I didn’t like the way he said that. I told him so, and he said, “Well, what the hell, when you get down to cases I’m more your husband now than he is except for one thing, and that’s the good old-fashioned sexual act. There’s no reason we have to play games about it any more. And don’t be misled by those paintings of nymphs and satyrs in the museum. They might look like they’re only chasing each other in those pictures, but there’s a point to it, and somebody always gets caught. You see what I’m getting at, don’t you?”

“Yes,” I said.

“All right, what do we do about it?”

“Nothing.”

“Why not?”

“Because I don’t want to do anything about it.”

He didn’t push me away, but he pulled his arm from around me and that’s how it felt. “What makes you so holy anyhow?” he said. “Your husband’s prayers catching up to you?”

“No.”

“Then what is it? What’s the reason for the great change?”

“What great change?”

“The one in your attitude. From all I heard, you didn’t keep saying no to the boys around Key West before Avery came along.”

“That’s a lie!”

“Not according to Avery. What would be the point of his lying about this and telling the truth about everything else?”

“Because he’s crazy! Because he talks that way and it doesn’t mean anything. I swear to God, I never did it with any boy, Egan. I never did.”

It was awful. It was like being with Lettie all over again when she was having one of her fits about me. But it was worse with Egan. I hated it to be Egan.

And he wouldn’t listen.

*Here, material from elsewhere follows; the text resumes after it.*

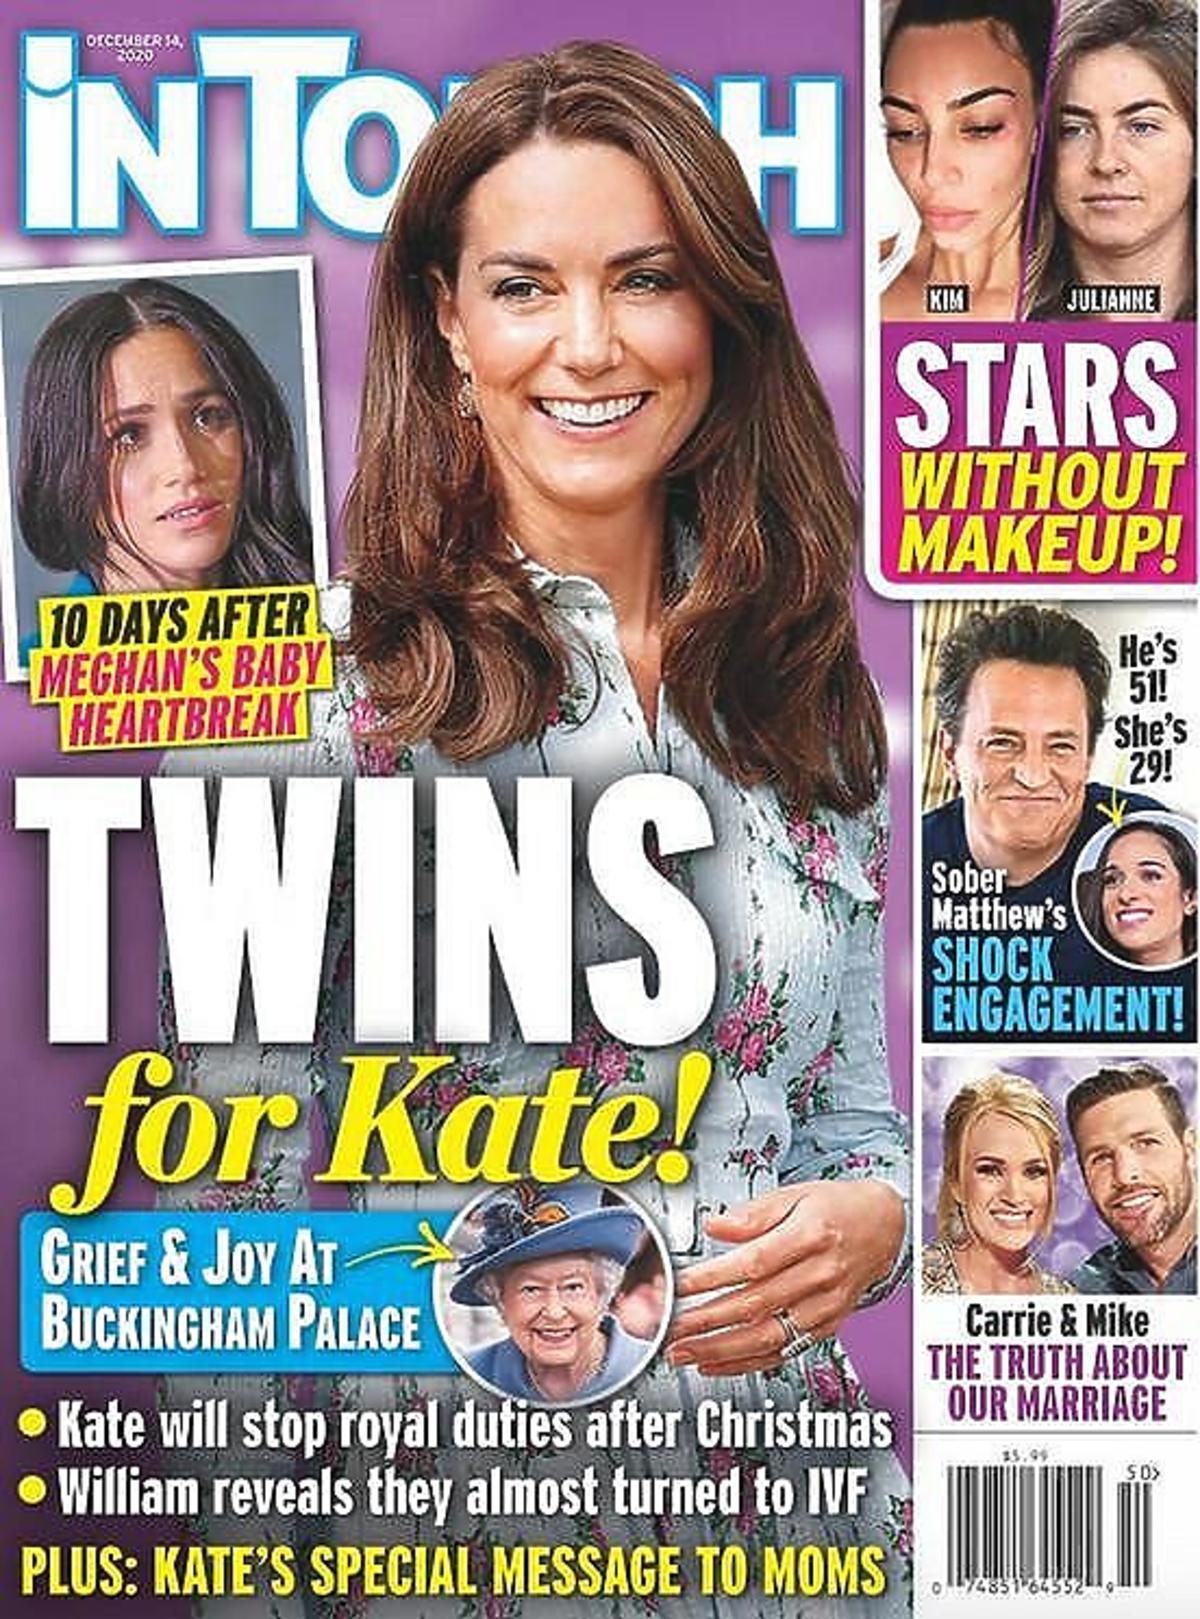 Księżna Kate jest w bliźniaczej ciąży?! Istnieje ważny powód, dla którego teraz ujawniono tę informację. Wszystko przez… Meghan Markle

I said, “Listen to me, Egan,” and I shook his arm, but he was being the old stone face the way Lettie used to be. So I said, “I swear to God, Egan, I never did it with anybody. Not anybody in the whole world. I never even did it with Avery!”

Then he looked at me. “Oh, Jesus,” he said, “here we go back to the butler and the yacht and the seacoast of Bohemia. My error—make that Mooney’s Key.”

I guess that was what did it. It hurt so much that I didn’t care what happened. “All right, Egan,” I said, “you’re so smart, could you tell if a girl ever did it before when you get in bed with her?”

“You want to try me?” he said.

At the end of the road, right near where it turned into the highway, there was a motel, and that was the one we went to. The thing that made it easy was not caring. I let him undress me because he wanted to, and he took all the time in the world over it, and it didn’t bother me. And I lay on the bed looking at him as he reached up to turn off the light, standing there all naked, and I thought, Oh, Egan, are you in for the biggest surprise of your life.

And he was surprised there in the dark, but more than that he was ashamed. I didn’t want him to be. I didn’t want him to stop, because now I wouldn’t have to wonder what it was all about. So I held my arms around him tight and wouldn’t let go, and I said, “It’s all right. It’s all right,” even when I was thinking that it hurt like hell. And I said, “Beloved Husband,” thinking that it didn’t matter if I had a baby. It didn’t matter at all, because it would be like having Jimmy’s baby.

When it started to get gray I took his arm from around me very carefully so as not to wake him up, and I went to the window. There was a wet green smell coming through it from the grass outside, and beyond it you could just begin to see the highway. Now and then a car would come along, just headlights at first and then the noise as it whooshed by, and after that it would be so quiet again that I felt like the only thing alive in the whole world.

My cigarettes were on the little table by the bed. I took one and when I lit the match I saw on the sheet what Lettie had been looking for that last morning I was with her. I didn’t know that then, but now I did. I knew more than I ever thought I could, and I thought, All she had to do was ask me about it.

All she had to do was ask me about it, and now it was too late.